However, his excitement in the lab was dampened by his second realization: he yearned to be part of the scientific discoveries splashed across the news in the early 2000s. Yeast cultures and DNA plasmids in hand, he felt isolated from the breakthroughs: “Francis Collins and Craig Venter were battling it out in the public sphere, with Bill Clinton in the middle of it. The genome revolution was opening up new avenues and opportunities for biology and biotechnology” (Q#2). Feeling that academia was not for him, Kahvejian set out to find his true calling—he talked to scientists in biotech, instrument and tools providers, scientific liaisons for big pharma and business development associates.
After briefly considering starting his own company (Noubar Afeyan told him it “made no sense” Q#3), Kahvejian’s exploration led him to legendary entrepreneur Stan Lapidus.
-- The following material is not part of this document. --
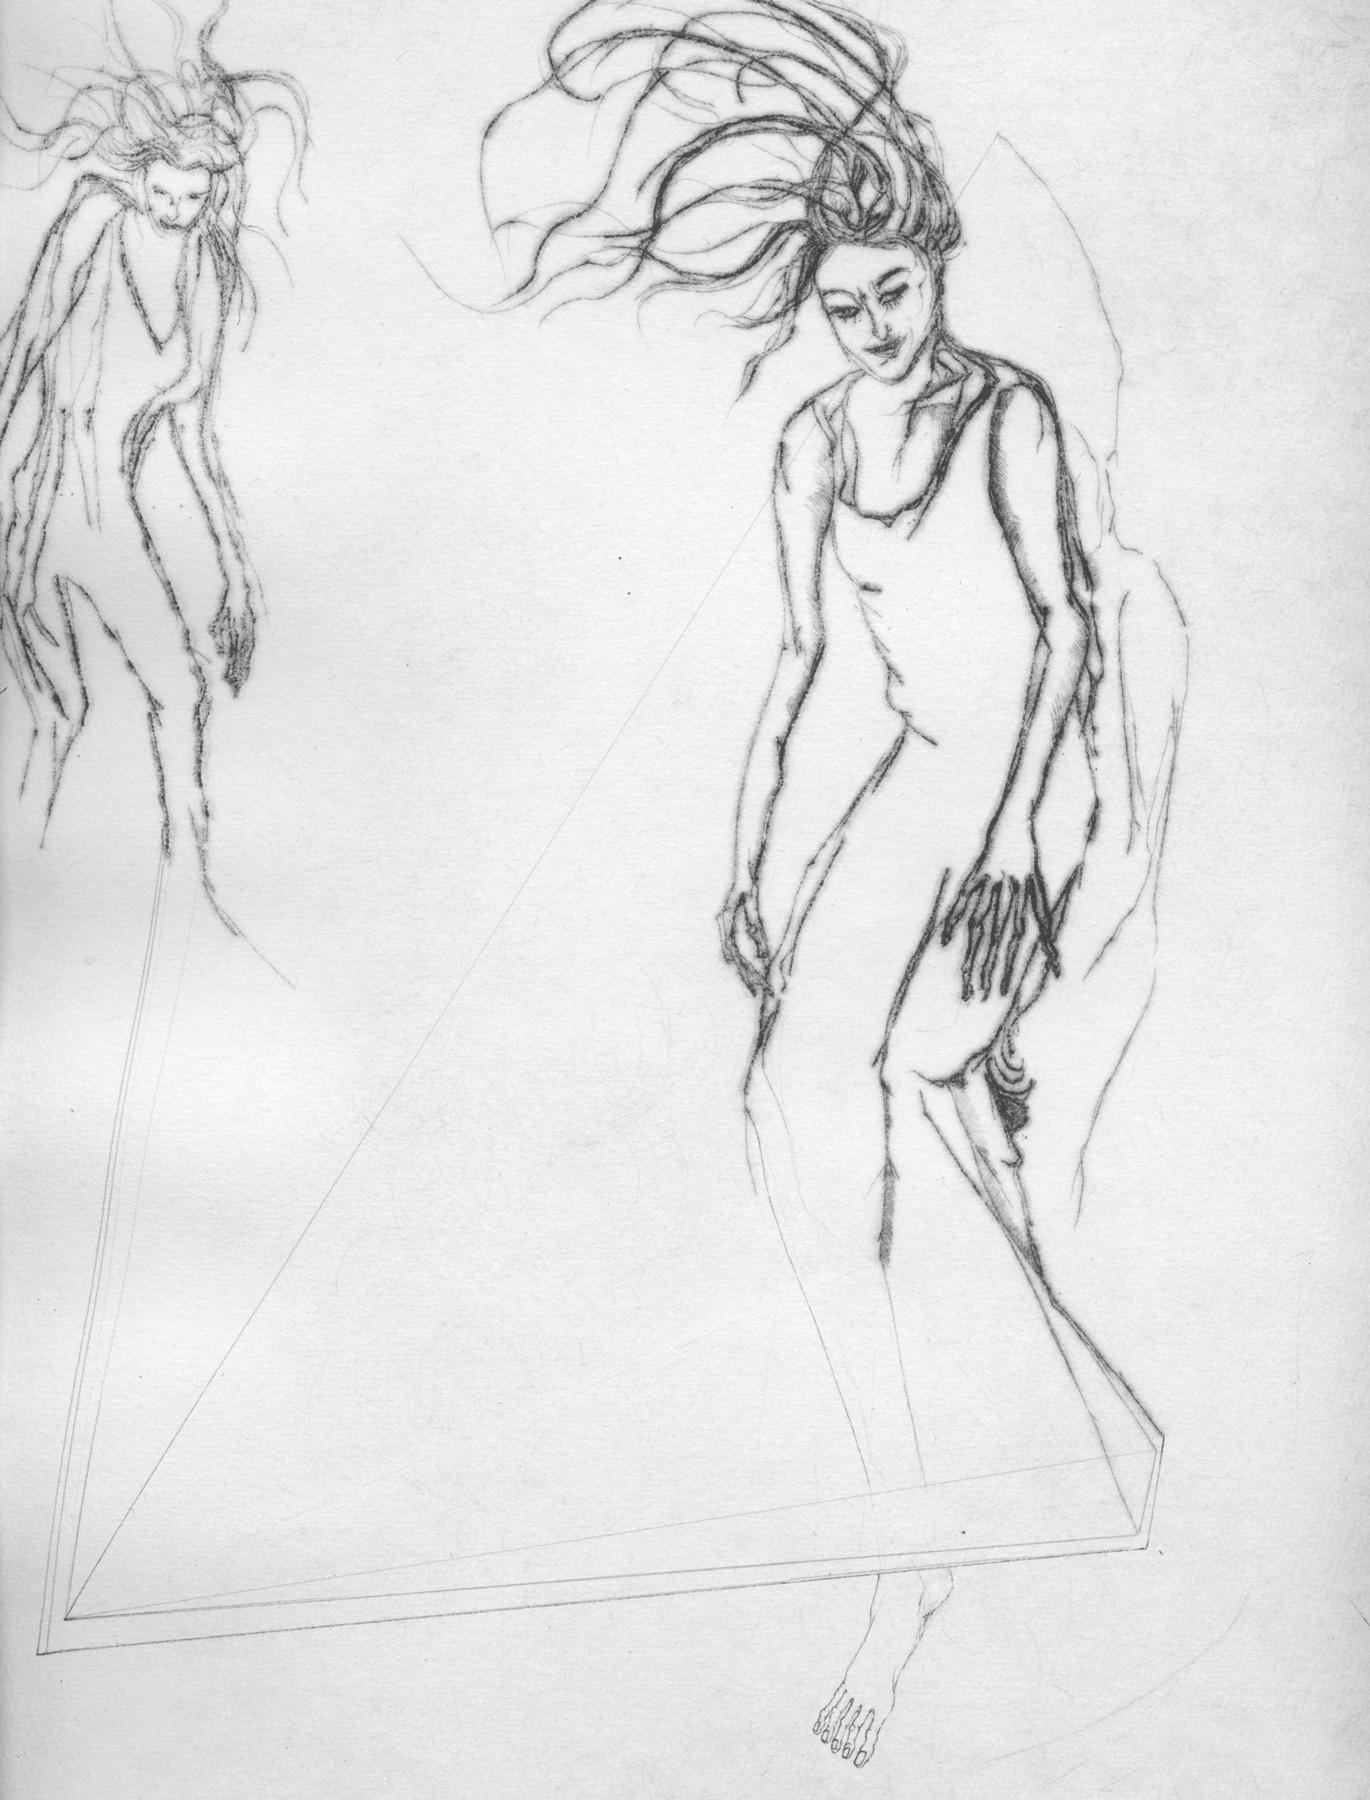 Nina Annabelle Märkl   Moshpit 4 11   Kaltnadel, Tusche, Bleistift, 300g Hahnemühle Büttenpapier   Platte 29,7 x 27 cm Papier 56 x 39 cm

Given 48 hours to accept a job offer, he took the plunge, moved to Boston and joined Lapidus at Helicos. The company was building the world’s first single molecule DNA-sequencer. It was a bold and complex project—one that was under constant threat from the economic downturn of 2008 and competition from market leader, Illumina.
Jumping from business development to product management to R&D and back to business development, crystalized Kahvejian’s third realization, one that he had perhaps sensed from the start: he was a born entrepreneur. He relished taking on roles that he “didn’t know existed” the day prior, tackling grand problems, and building teams from the ground up. Though Helicos succeeded in making an extraordinary sequencing technology, it failed to gain market penetration. As Helicos was contemplating a pivot from selling research tools to developing and performing diagnostic tests, Kahvejian was exposed to Flagship Pioneering’s innovation process: “At this point, I got a lot more exposure to how Flagship works. Noubar was on the board, and together we started to ideate about how we could apply the [Helicos] technology to other verticals and markets… Flagship has much more of an entrepreneurial or innovator’s mentality versus one of an investor.” (Q#3)
In 2011, Kahvejian jumped to Flagship Pioneering as a partner. Over the past 11 years at Flagship, Kahvejian has led an innovation team that has created multiple public and private companies, including Seres Therapeutics (NASDAQ: MCRB), Rubius Therapeutics (NASDAQ: RUBY), Codiak BioSciences, Cygnal Therapeutics (now Sonata Therapeutics), Ring Therapeutics, Cellarity, Laronde and Generate Biomedicines.
Microbiome therapeutics, cell engineering, design of novel gene therapy and RNA platforms, effective use of computation for biological discovery—these are just a few of the diverse and challenging concepts that Kahvejian and his team wrestle with daily: “At Flagship you are perpetually building a yet unmade future…I love it.”
I think it is fair to say that the once restless grad student, always probing for the most difficult path, has finally found his home building innovative bioplatform companies.
Below is an interview with Dr. Avak Kahvejian from September 2022:
1. What first got you interested in science and medicine?
I've always been interested in science. When I was a kid, I loved science fiction, space exploration, computer programming and biotech, insofar as I understood it [at that age]. I also have a bad personality trait, which is if I think I understand something, or that it is “safe” or “easy,” I'll always go for the harder thing, the less well-trodden path. When I was picking a major in college, I was originally thinking about computer science, but I realized I wanted to pursue something that's even more at the edge of human ingenuity and knowledge, which led me to biotechnology.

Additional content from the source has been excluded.